Yet that may be a mistake. Thanks to digital technology, marketers now have the tools at hand to shift strategy away from indiscriminate cost-cutting, to more productive areas of focus. We can turn to data to better understand what matters most to our customers in tough times.

Granularity matters

First, let’s examine decision-making during a recession. The margin for error is reduced as businesses cannot afford to make any mistakes, which there may be room for in a healthier, growing economy. This is when data granularity comes into play. Businesses need to collect data at a level of detail that allows them to understand the specific drivers of their business, and to track these drivers over time. By doing so, decision makers can gain insights into which areas of their business are most vulnerable to economic downturns, and develop strategies to mitigate these risks.

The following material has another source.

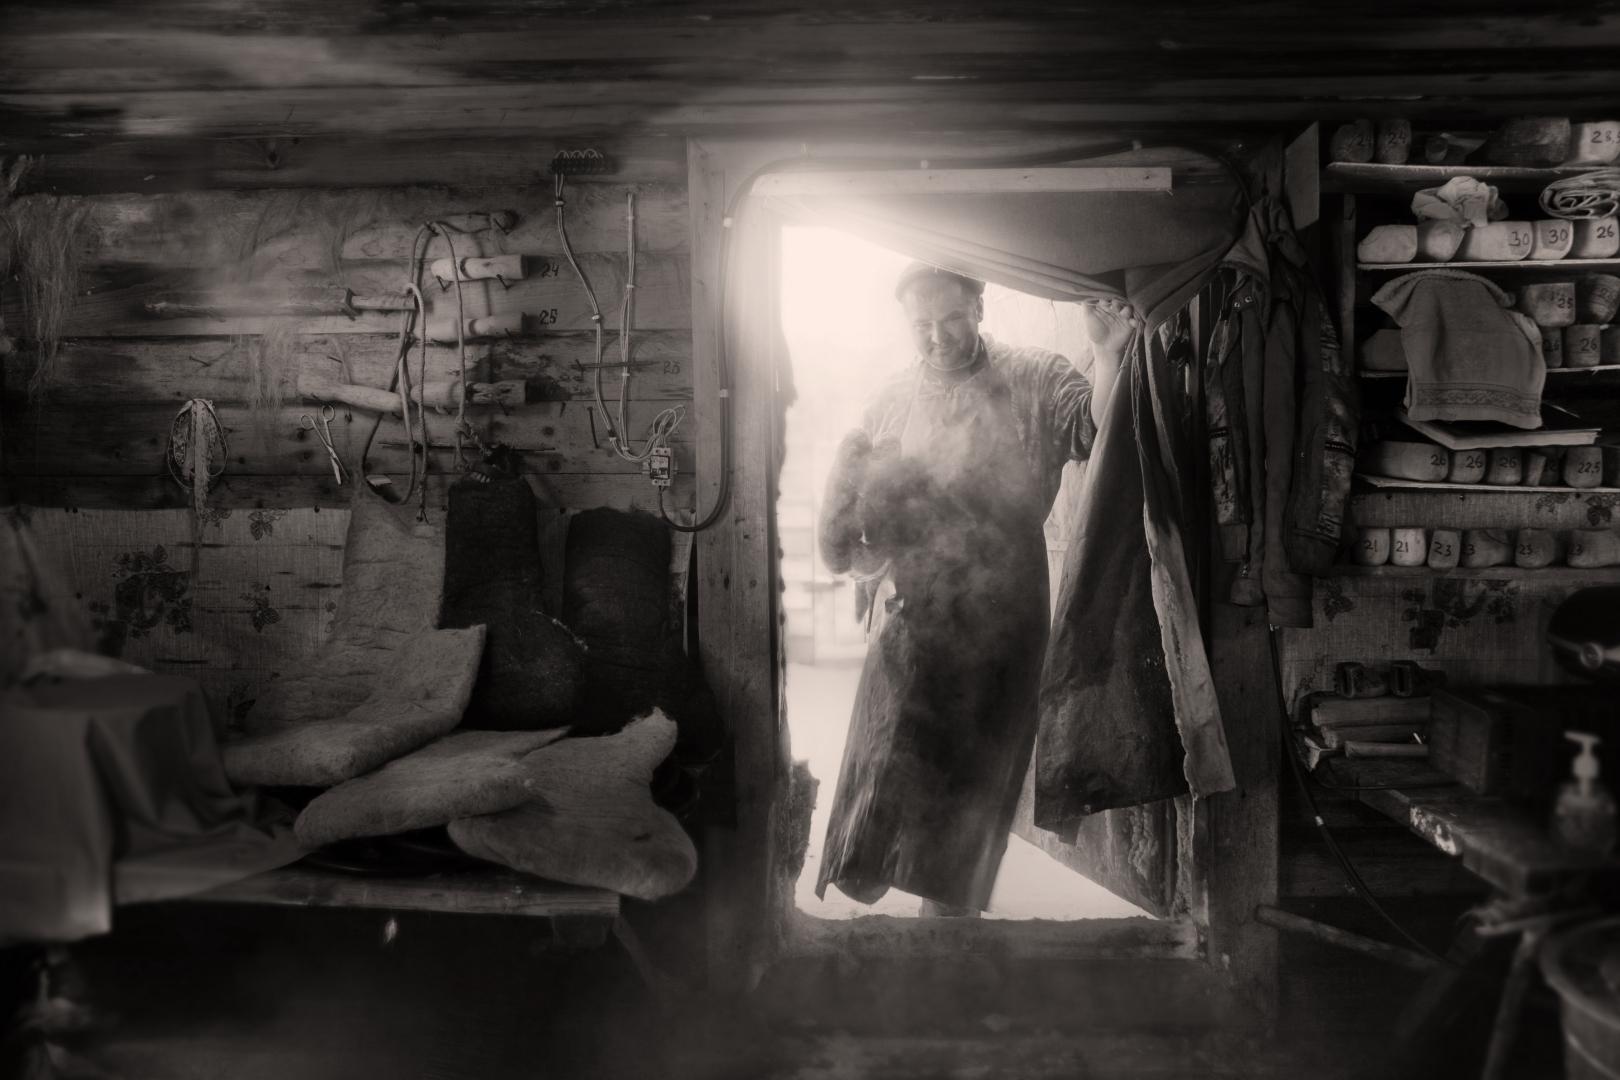 2 место в номинации «Народное творчество» — работа Олега Кугаева «Пимокат Иван»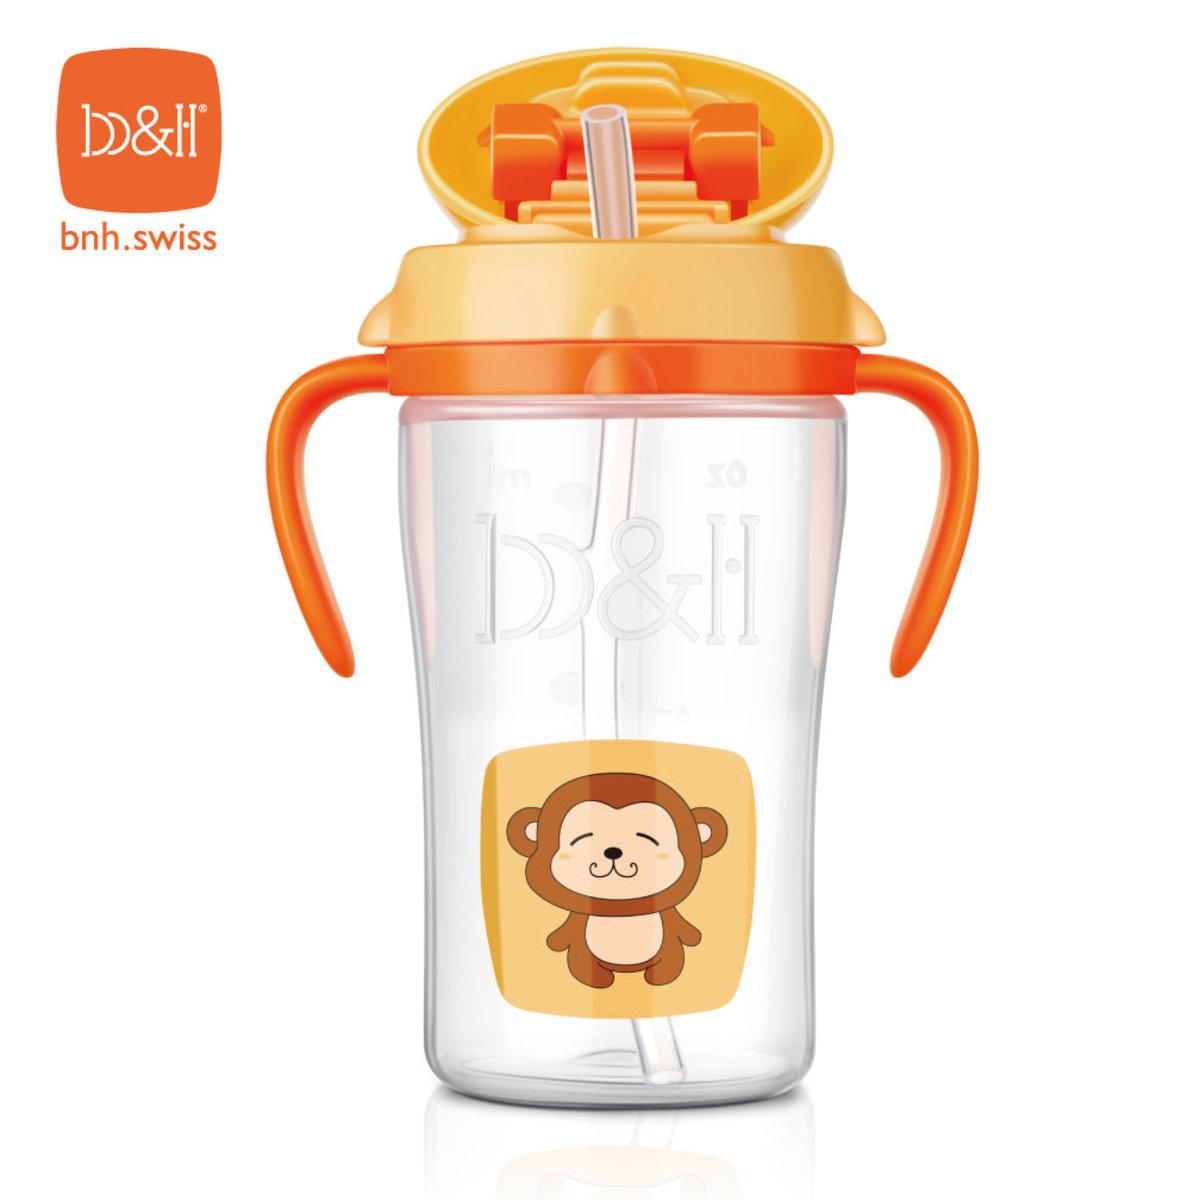 b&h (Swiss) Training Cup 300ml (Monkey)

For example, retailers that collect sales data at a high level of granularity (such as by SKU number or by store) can identify which products or locations are most impacted by economic trends. This information can then be used to make decisions about which products to discount, which locations to close, or where marketing spend can be allocated. Without this level of detail, businesses may make decisions based on incomplete or inaccurate information, which can lead to costly mistakes, or worse, missed opportunities.

Focus on individual customers, not cohorts

Next, we need to look at how businesses treat their customers. As customers become more price-sensitive, businesses are competing for every penny. A common approach is discounting products across the board. However, this can prove short-sighted. It all comes down to how businesses are slicing up their data. Too often, we see businesses make decisions based on the average of a cohort of customers, rather than focusing on the journey of individual customers. Poorly performing products and services are hidden behind the average, and businesses miss opportunities to engage with their most high-value customers.

In the world of retail, the traditional approach to decision-making might have been to look at geographic segments, product lines or channels independently, asking questions like: “How is the London store doing?”, “Is the new range performing?” or “How are online sales doing vs store sales?” Today, the customer journey is not so simple. Customers are not restricted to a single channel or a single geographic region: a customer based in New York could visit a store in London while on holiday, physically try on a jacket, and then purchase it online when back home. When brands have the ability to track this journey and understand when and how a customer makes their purchases, they’ll be able to make more meaningful customer-centric decisions on when to apply discounts that matter, and which channels to use when communicating with consumers.

Look for pricing opportunities in new markets

Investing in entering new markets during a recession may not seem like an obvious choice when times are tough. However, it is a strategy that can help businesses diversify their revenue streams, reduce their dependence on a single market and buffer against volatility in the global market.

The average price of an outfit vs cost-of-living index

Of course, determining which new markets to enter is not a baseless decision. It’s prudent to analyse market data and understand what’s happening locally to take advantage of pricing opportunities. Let’s look at cost-of-living vs cost-of-apparels as an example. The graph above (produced using Edited’s proprietary retail decision intelligence tools) details the average price of a full women’s outfit – a t-shirt, trousers, jacket, sneakers, underwear and a bag – on the mass market in two different regions. It’s plotted against Numbeo’s Cost-of-Living Index, which includes localized data on the cost of groceries, entertainment, transportation and accommodation for the most populous city in each market.

Such analysis can unlock key pricing opportunities. For example, products are most expensive on average in South Korea because of shipping costs and taxes of western brands. However, the average price of an outfit outstrips the Cost-of-Living Index. That suggests South Korean consumers may have more disposable income to spend on fashion and are more willing to pay full price compared to those in the US or UK. Brands entering this market may want to contemplate a higher pricing model than they would in their own region. It demonstrates that leaders should avoid a blinkered focus on reducing prices as the only option to hand.

Ultimately, businesses that are looking to thrive during a recession need to understand and stay closer to their customer than ever. A data-informed strategy that is focused on customer-centricity can help drive sales, and build customer loyalty and unlock new markets, despite a challenging economic environment.